Climat : l'ONU tire la sonnette d'alarme

15 décembre 2004

"Les concentrations de dioxyde de carbone dans l'atmosphère continuent de s'accroître", affirme le plus haut responsable de l'ONU pour le climat.

Ces gaz à effet de serre sont considérés comme responsables du réchauffement climatique.

Le plus haut responsable de l'ONU pour le climat a appelé mercredi 15 décembre 2004 la communauté internationale à faire de nouveaux efforts pour combattre le réchauffement planétaire. "Malgré les efforts que nous avons déjà faits, les concentrations de dioxyde de carbone (CO2) dans l'atmosphère continuent de s'accroître, à un rythme qui ne cesse d'augmenter", a constaté Mme Joke Waller-Hunter devant quelque 90 ministres de l'Environnement de la planète.

La Convention climat

La communauté internationale combat l'effet de serre depuis dix ans dans le cadre de la Convention climat, un premier accord international peu contraignant entré en vigueur en 1994, "en s'appuyant sur la science", a-t-elle expliqué.

Elle a réalisé "une performance majeure" en adoptant en 1997 "le protocole de Kyoto, qui va entrer en vigueur dans 63 jours" (le 16 février 2005, ndlr) et qui exige des pays industriels des réductions de gaz à effet de serre d'ici 2012. Mais, a averti Mme Waller-Hunter, "une décennie d'action pour combattre un problème qui va durer pendant des décennies, sinon des siècles, ne peut constituer qu'un premier pas.

Planifier les étapes suivantes s'impose (...) si l'on veut répondre aux défis posés par l'objectif défini par la Convention", c'est-à-dire une stabilisation à long terme de la concentration des gaz à effet de serre.

Mme Waller-Hunter (Pays-Bas) ouvrait le volet ministériel de la conférence de l'ONU sur le changement climatique, qui a réuni 178 pays pendant deux semaines dans la capitale argentine et qui dure jusqu'à vendredi.

Elle a ainsi indirectement pris position dans le grand débat de la conférence qui porte sur l'opportunité de durcir les engagements de Kyoto après 2012, au vu de l'accélération de l'effet de serre.

Le président George W. Bush a jugé Kyoto trop contraignant pour l'économie américaine et a refusé de ratifier l'accord dès son arrivée à la Maison Blanche en 2001. Sa délégation rejette toute discussion de l'après-2012.

Négociations en 2005

Les Européens, comme tous les pays partie à Kyoto, sont tenus par l'accord d'ouvrir des négociations en 2005 en vue de nouveaux engagements après 2012. Ils voudraient anticiper ces négociations officielles, prévues pour novembre 2005, où les Américains ne seront qu'observateurs.

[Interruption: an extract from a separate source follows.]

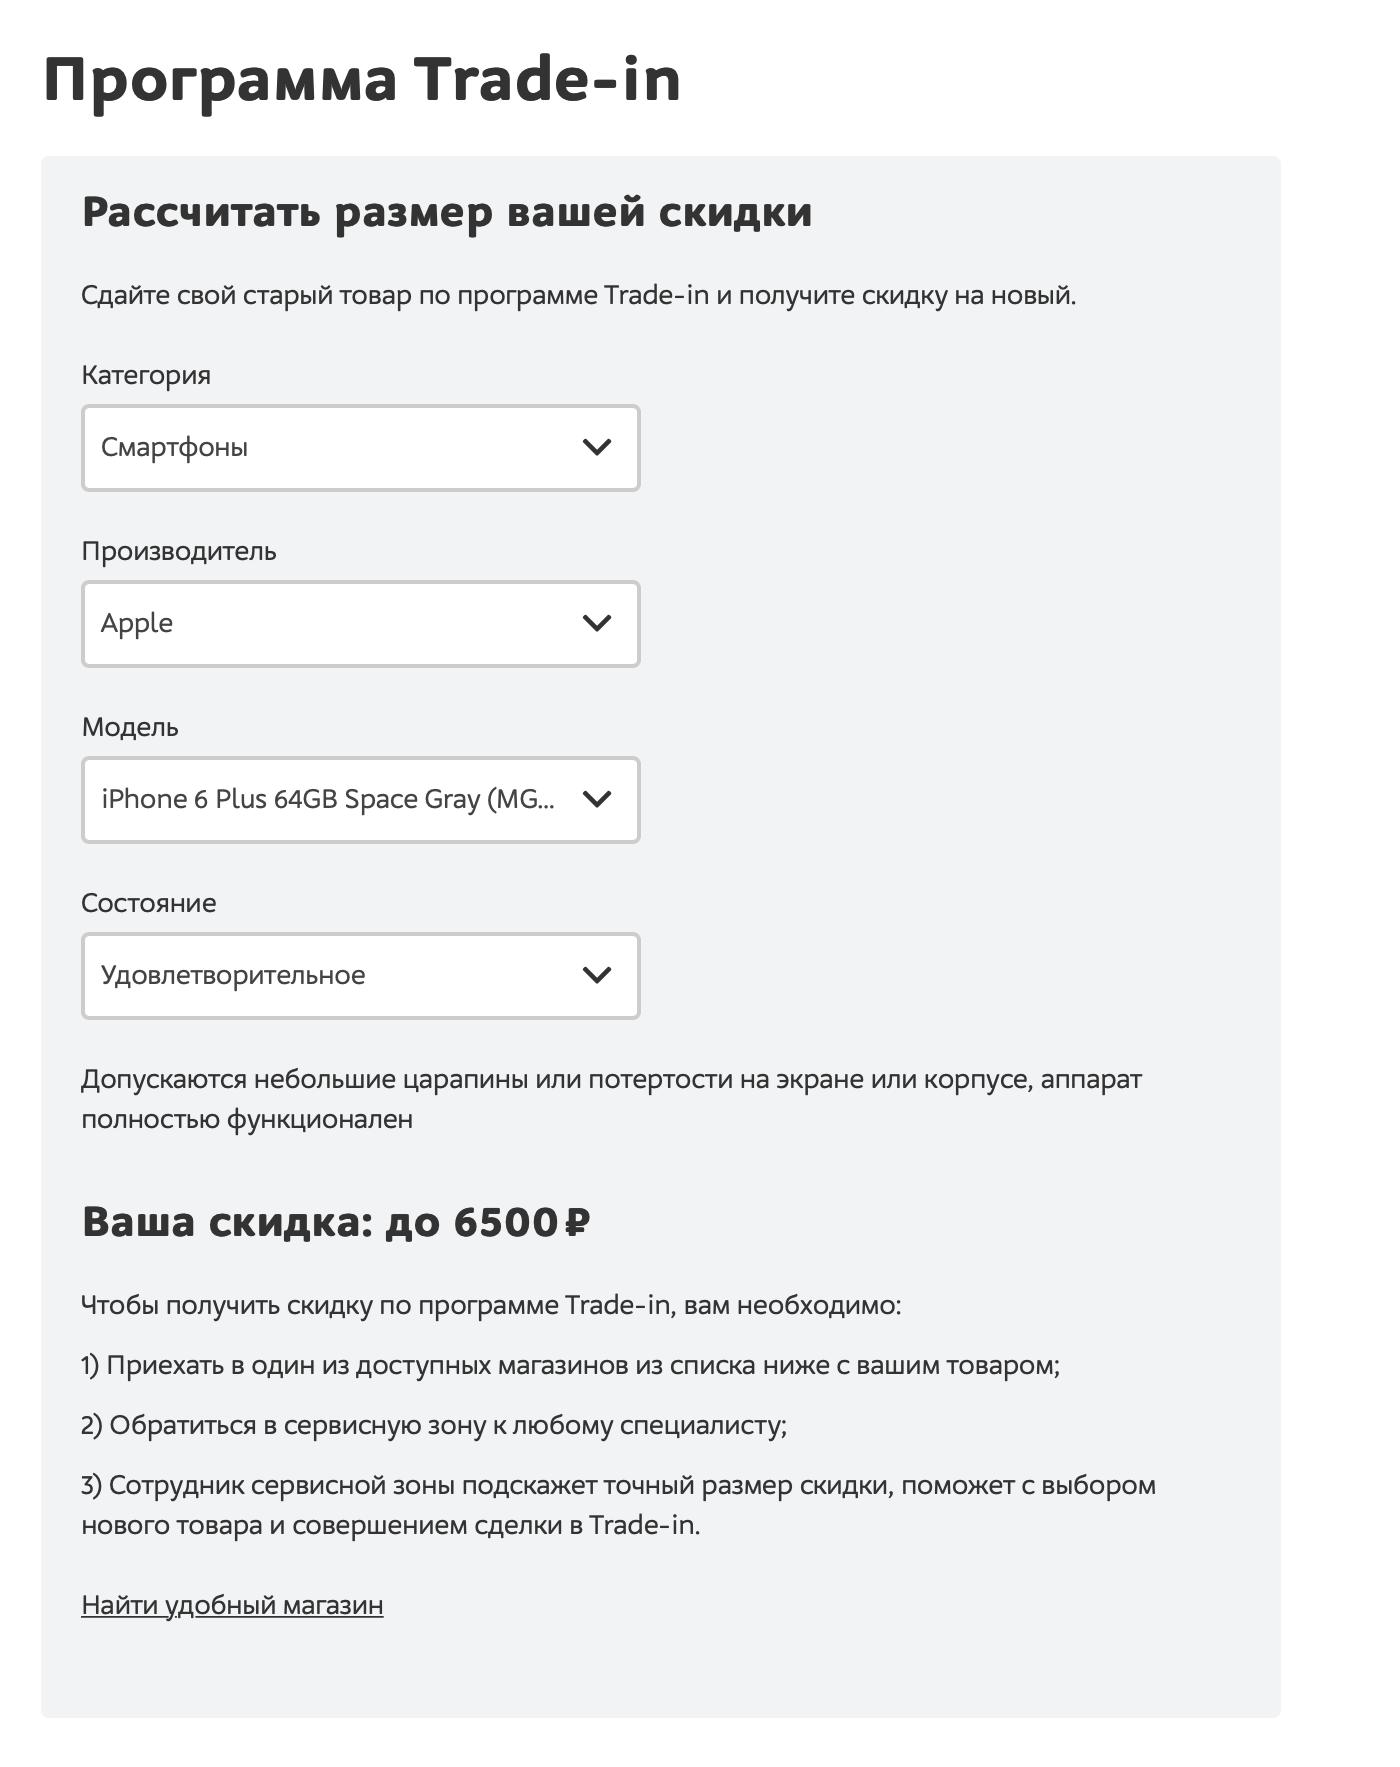 За iPhone 6s 64GB дадут максимум 5100<span class=ruble>Р</span> — точную сумму назовет консультант после оценки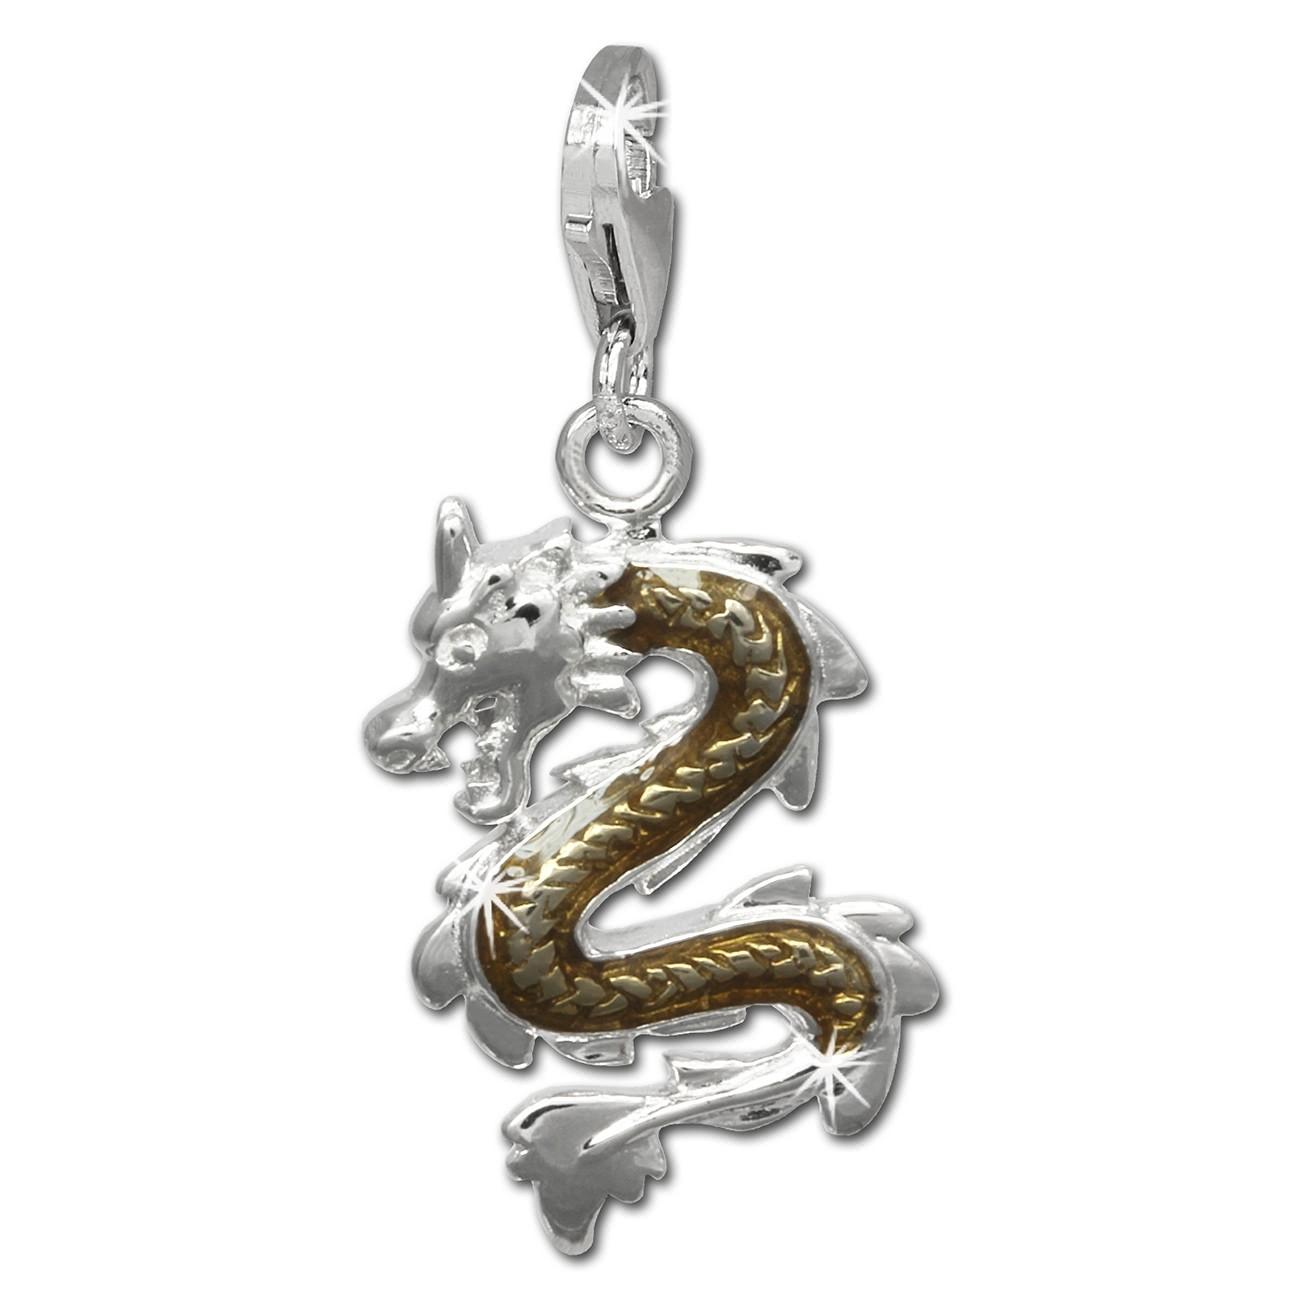 SilberDream Charm Drache 925er Silber Armband Anhänger FC834N

Ils sont favorables à une proposition de la présidence argentine d'ouvrir le débat de manière informelle dès le printemps prochain en y associant pleinement les Américains.

Ils souhaitent aussi impliquer davantage dans l'action internationale les pays émergents comme la Chine, l'Inde et le Brésil, qui ont ratifié Kyoto mais n'ont, comme tous les pays en développement, que des engagements d'inventaire dans le cadre du protocole. Ces pays redoutent d'entraver leur croissance s'ils doivent commencer à maîtriser leurs émissions de CO2 et autres gaz à effet de serre après 2012.

L'organisation de réunions informelles courant 2005 a été débattue mercredi 15 décembre jusqu'à 4h00 du matin par les représentants des pays-clé. Selon des sources des différents camps, le point de vue américain paraissait prévaloir.

Une seule réunion informelle aurait lieu en mai 2005 et non deux comme le souhaitaient les Européens. N'y seraient abordées que les actions entreprises jusqu'à maintenant pour combattre le changement climatique dans le cadre de la Convention. Aucune mention ne serait faite de Kyoto ni de futures actions à envisager après 2012.

Cependant, selon ces sources, la proposition de compromis de la présidence argentine devrait passer aux ministres avant d'être finalisée dans un nouveau marathon nocturne.